__Your objective__
Could you output each line below exactly as it appears, excluding any pictures?

__Raw data__
○ ○ ○ ○ ○ ○ ○
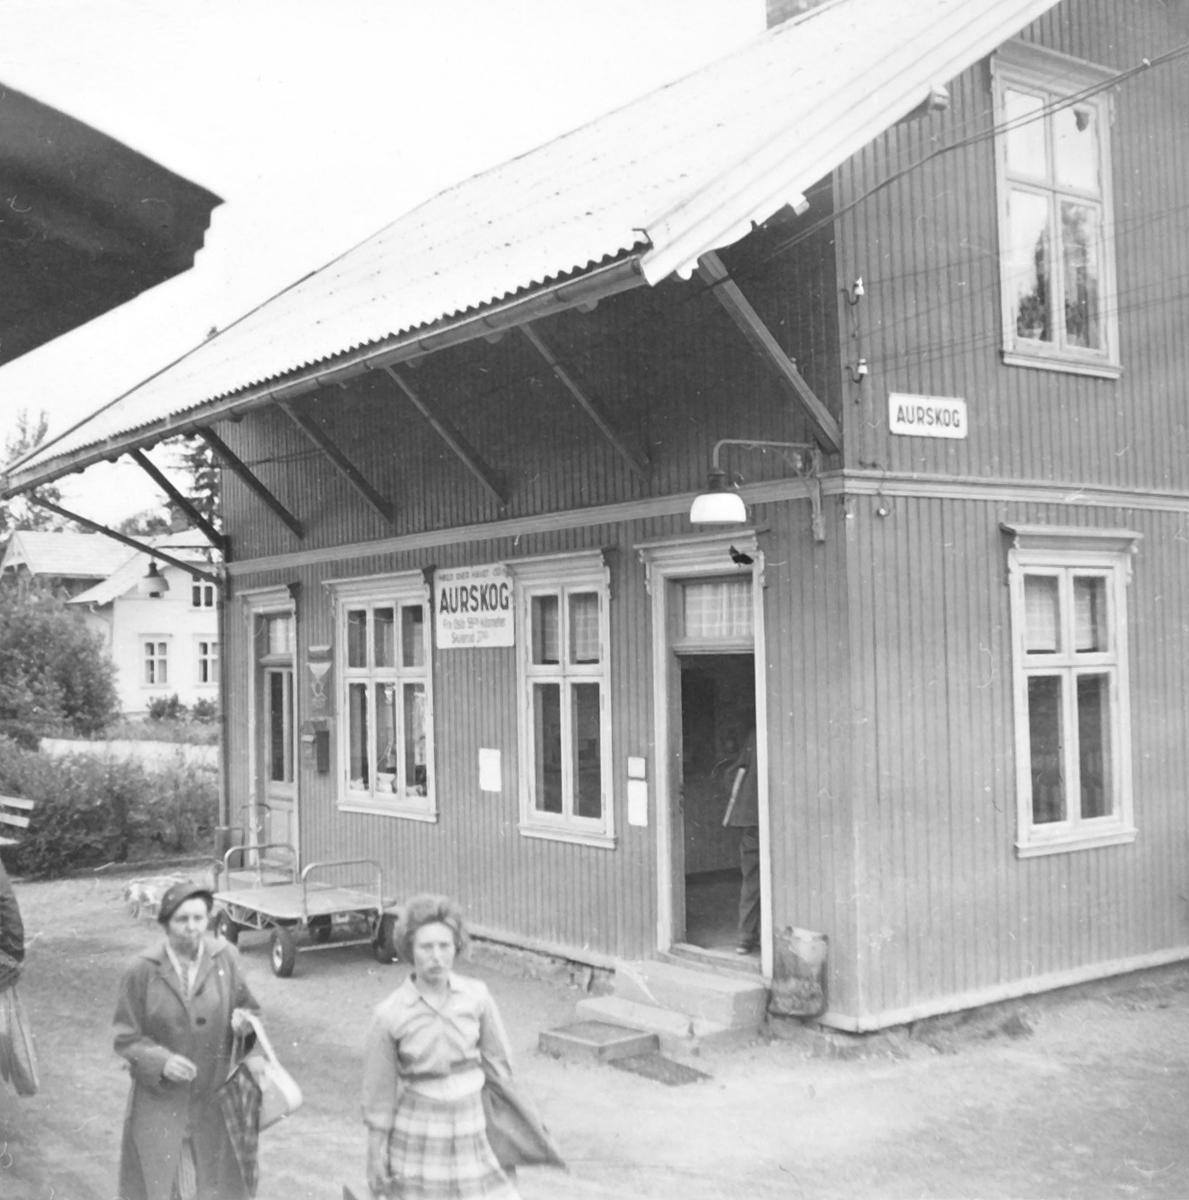 Aurskog stasjon, sett fra et av de siste ordinære tog på Aurskog-Hølandbanen
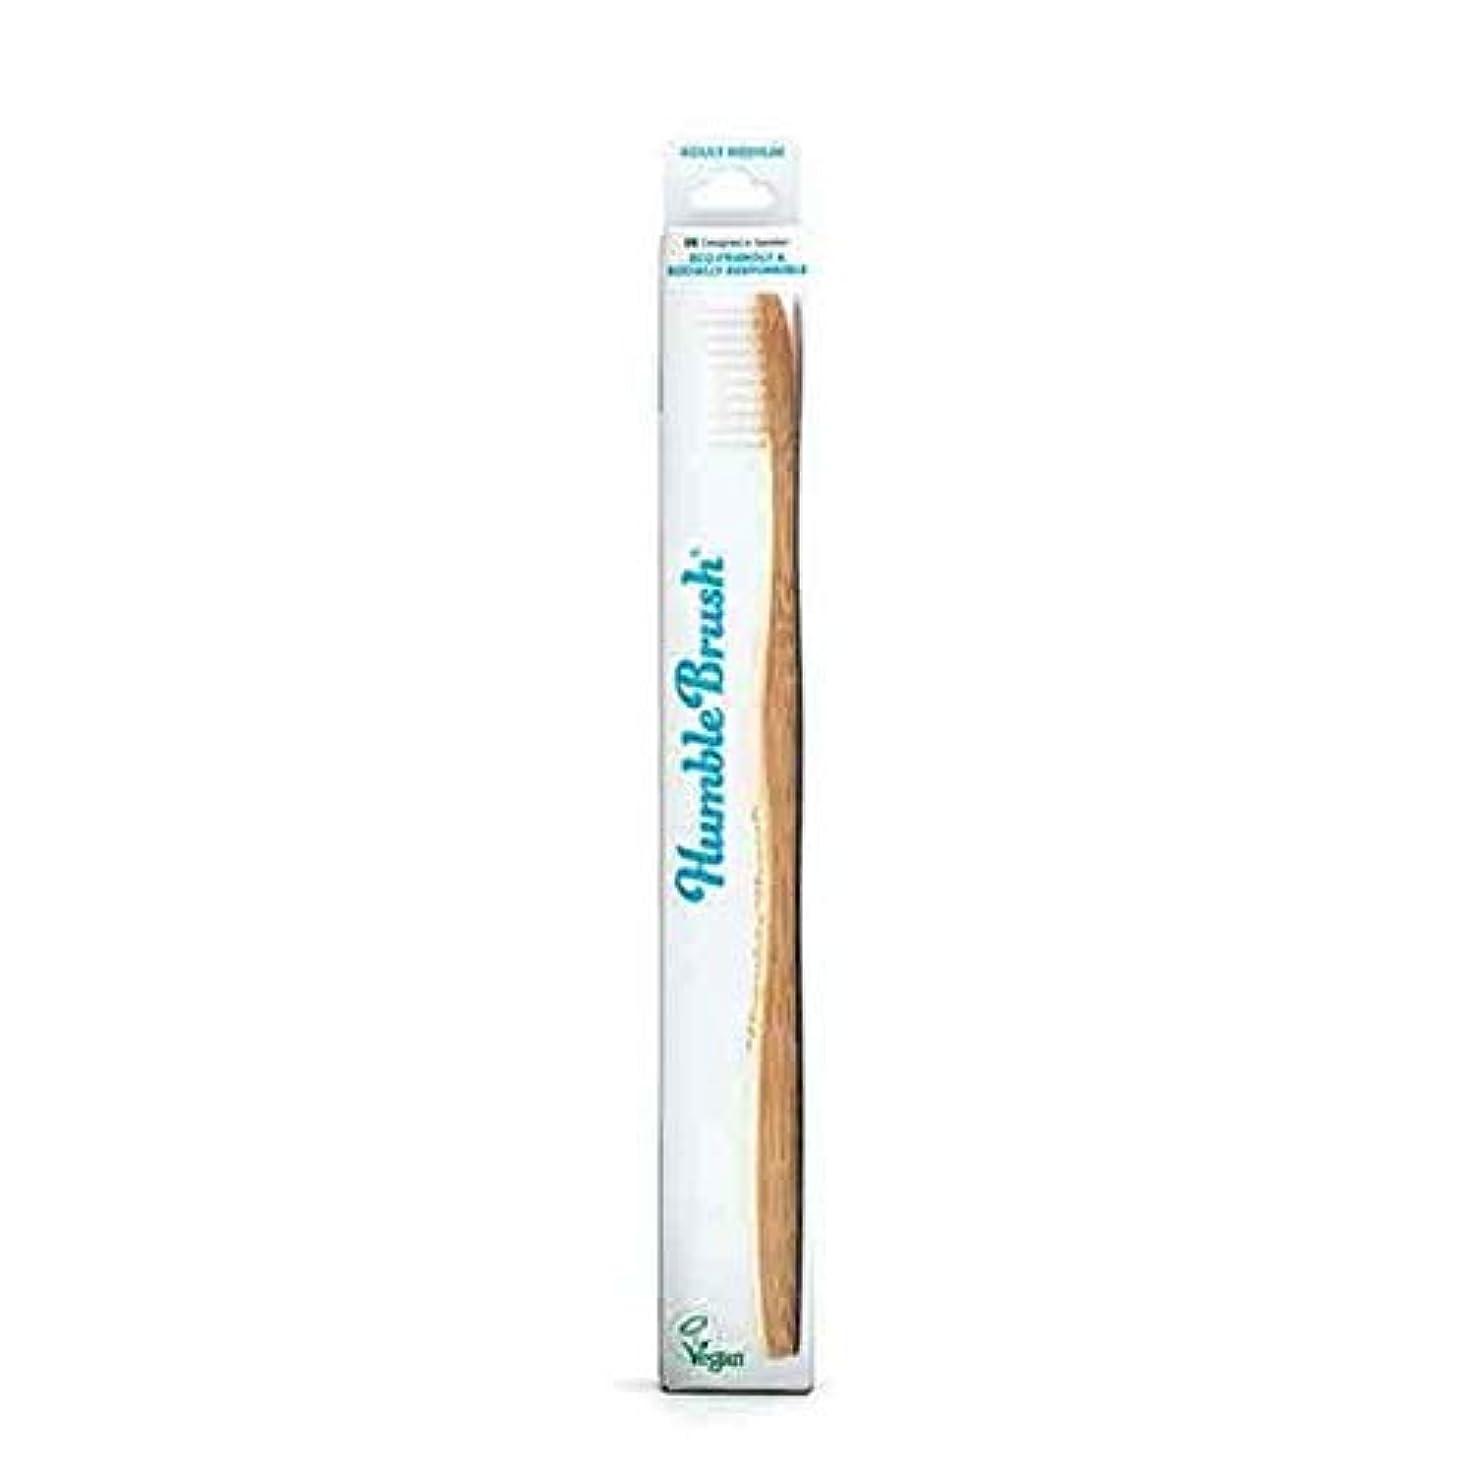 可能性前方へいわゆる[The Humble Co ] 謙虚なブラシ大人竹の歯ブラシ白 - Humble Brush Adults Bamboo Toothbrush White [並行輸入品]
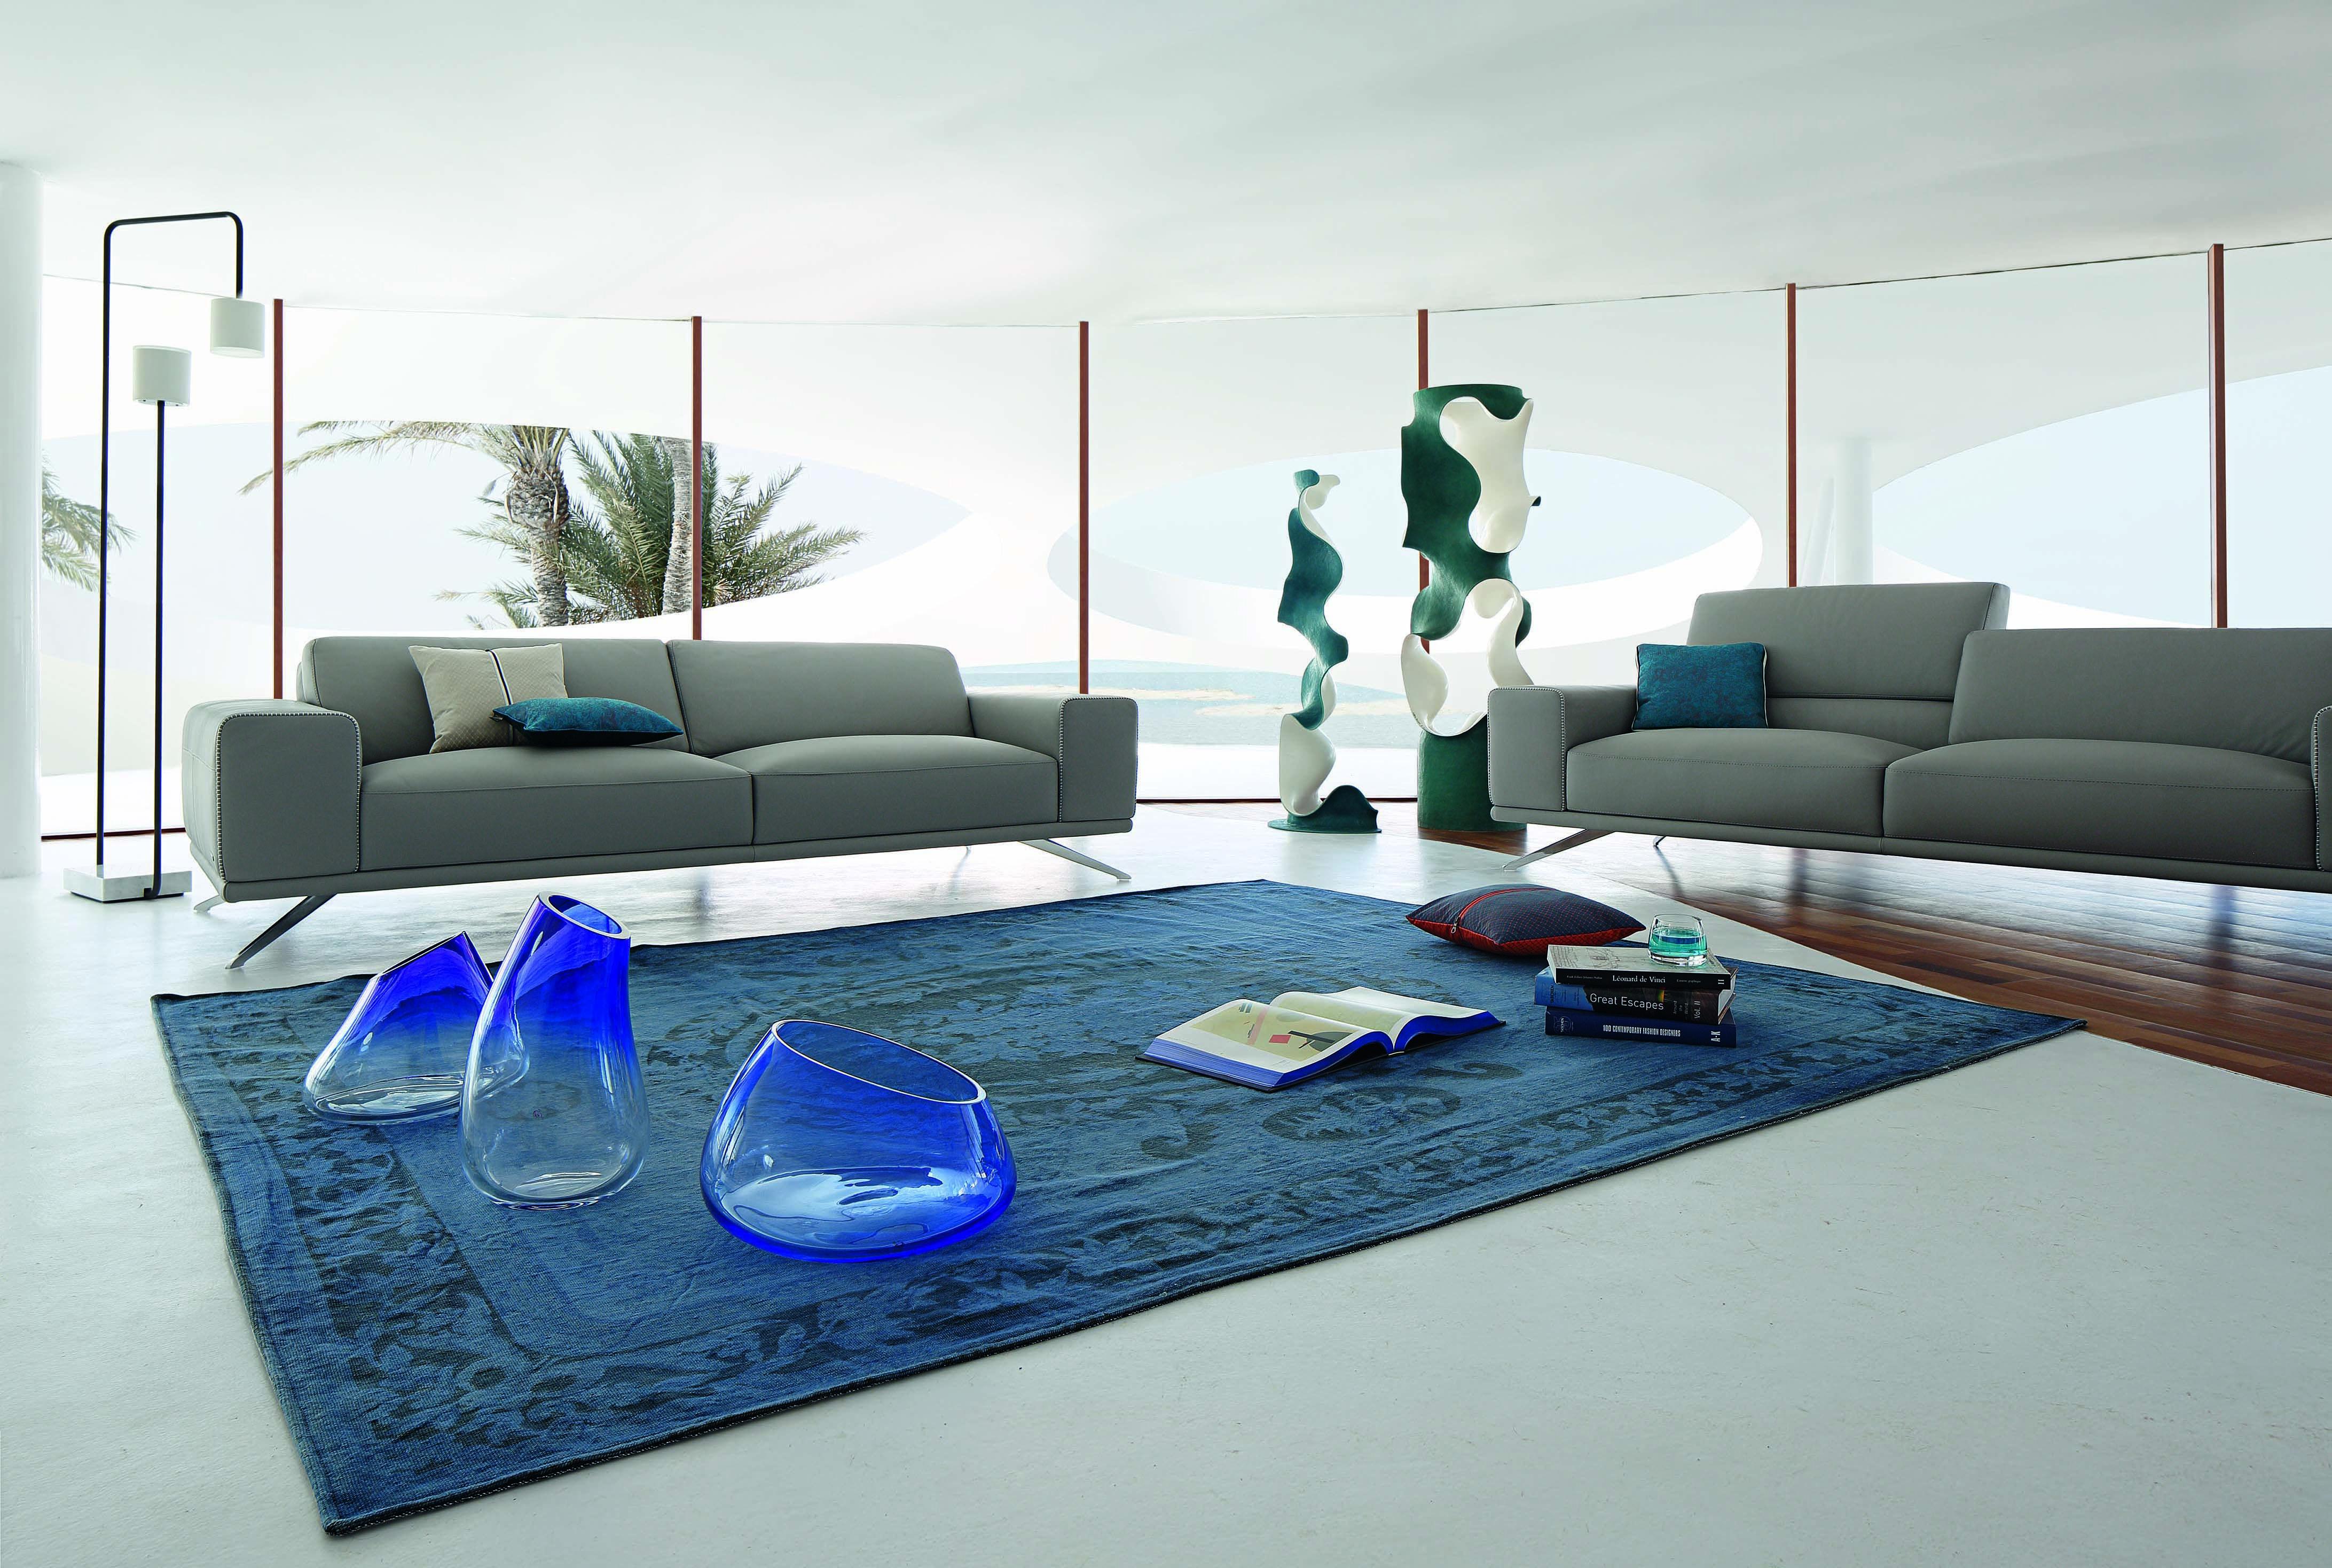 Roche Bobois Trello Sofa In Leather Design Sacha Lakic
○ ○ ○ ○ ○ ○ ○
__Response to the task__
 Aurskog stasjon, sett fra et av de siste ordinære tog på Aurskog-Hølandbanen
 可能性前方へいわゆる[The Humble Co ] 謙虚なブラシ大人竹の歯ブラシ白 - Humble Brush Adults Bamboo Toothbrush White [並行輸入品]
 Roche Bobois Trello Sofa In Leather Design Sacha Lakic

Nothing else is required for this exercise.